French Teachers Are Being Made Frontline Climate Managers

Angelique Chrisafis reported for The Guardian from Paris on June 25 that French education unions urged teachers to strike as national exams moved ahead during a severe heatwave. Authorities closed 3,500 schools, reduced hours at 10,000 more, and kept brevet exams on schedule for more than 850,000 15-year-olds, with classrooms in some places reaching up to 40 degrees Celsius.
School buildings designed for cooler summers — large windows, limited insulation, few air conditioning units, exposed playgrounds — are now being asked to function during heat that strains children, teachers, nurses, examiners, and parents at the same time. The infrastructure has not changed. The summer has.
The government tried to adapt. Education Minister Edouard Geffray said the brevet would take place in the morning, with fewer students per room, water distribution, pauses, and flexible rules for students who needed to cool down. He also said that from next summer, all national exams would be held in the morning rather than the afternoon. Those adjustments are real. They are also the government improvising around infrastructure that no longer fits the climate.

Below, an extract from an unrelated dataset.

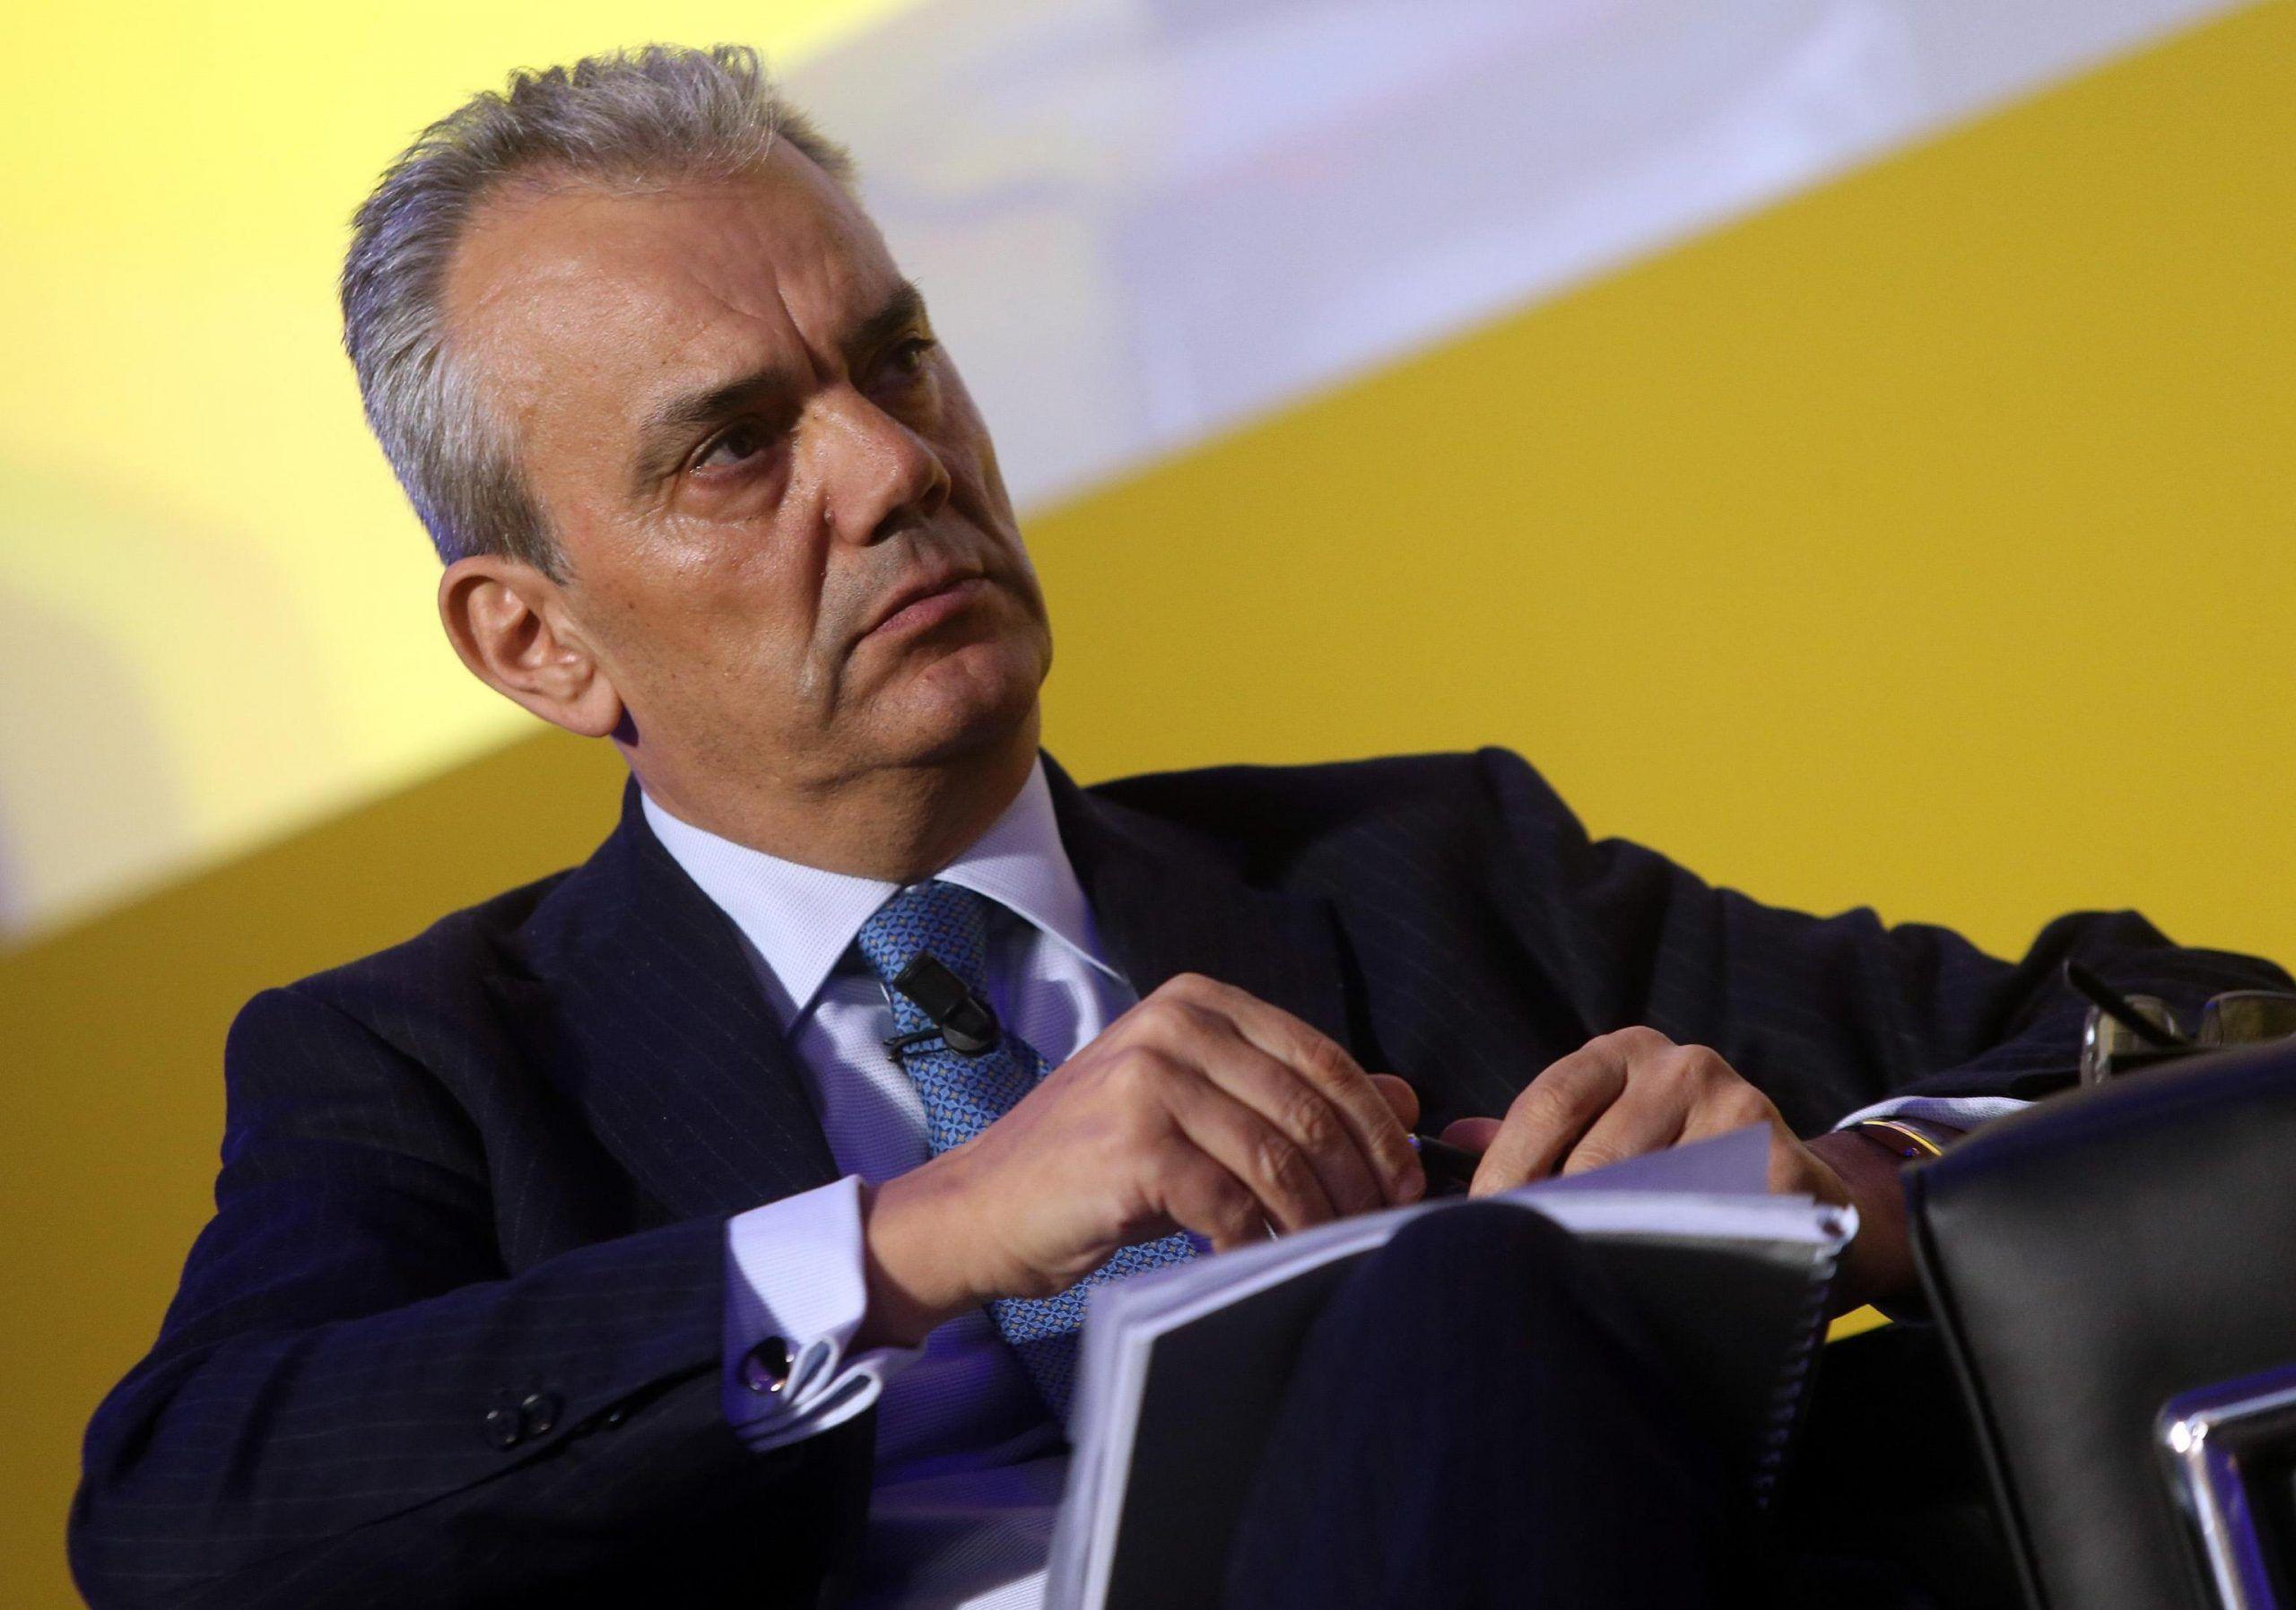 Donato Iacovone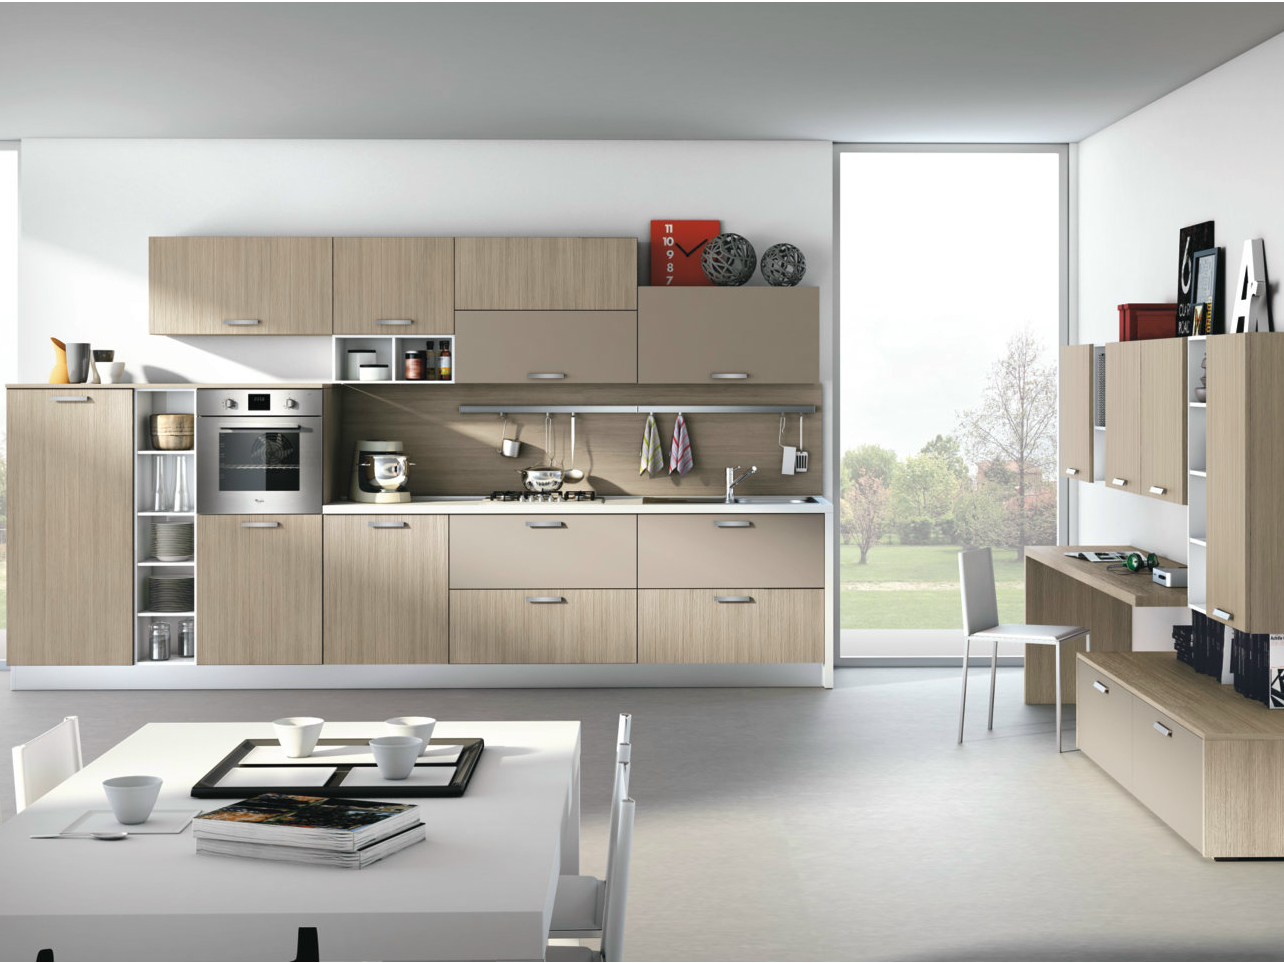 Cucina componibile lineare con maniglie alma by creo for Cucine componibili

Teachers are being asked to maintain classes, monitor students for heat distress, manage hydration, adjust routines, and preserve exam integrity in rooms that may be physically unsafe. That is labor, even when the job description still calls it education. Several unions said the lack of preparation put the health of staff and students at risk — framing heat adaptation not as an inconvenience but as a workplace safety failure.
Students are absorbing a second layer of pressure. Exams determine academic placement and future pathways. When teenagers take those exams in extreme heat, performance becomes tied to building quality and neighborhood conditions. Chrisafis reported that some students said they could not revise in homes that were also heat traps, while officials argued that some children might be safer in schools if their homes were even hotter. Education policy, housing quality, and climate adaptation are now operating inside the same problem.
Power moves from institutions to individuals when infrastructure fails. Teachers cool children with improvised methods. Students try to concentrate through heat stress. Staff carry the practical and emotional burden of a system that has not been retrofitted fast enough to match the summers it is now being asked to manage.
France’s exam conflict is a preview for other countries with older school buildings and hotter summers. The next education equity fight will include ventilation, shade, insulation, cooling access, exam calendars, and worker safety. Schools that cannot adapt will turn climate conditions into another mechanism shaping which students’ outcomes are determined by the buildings around them.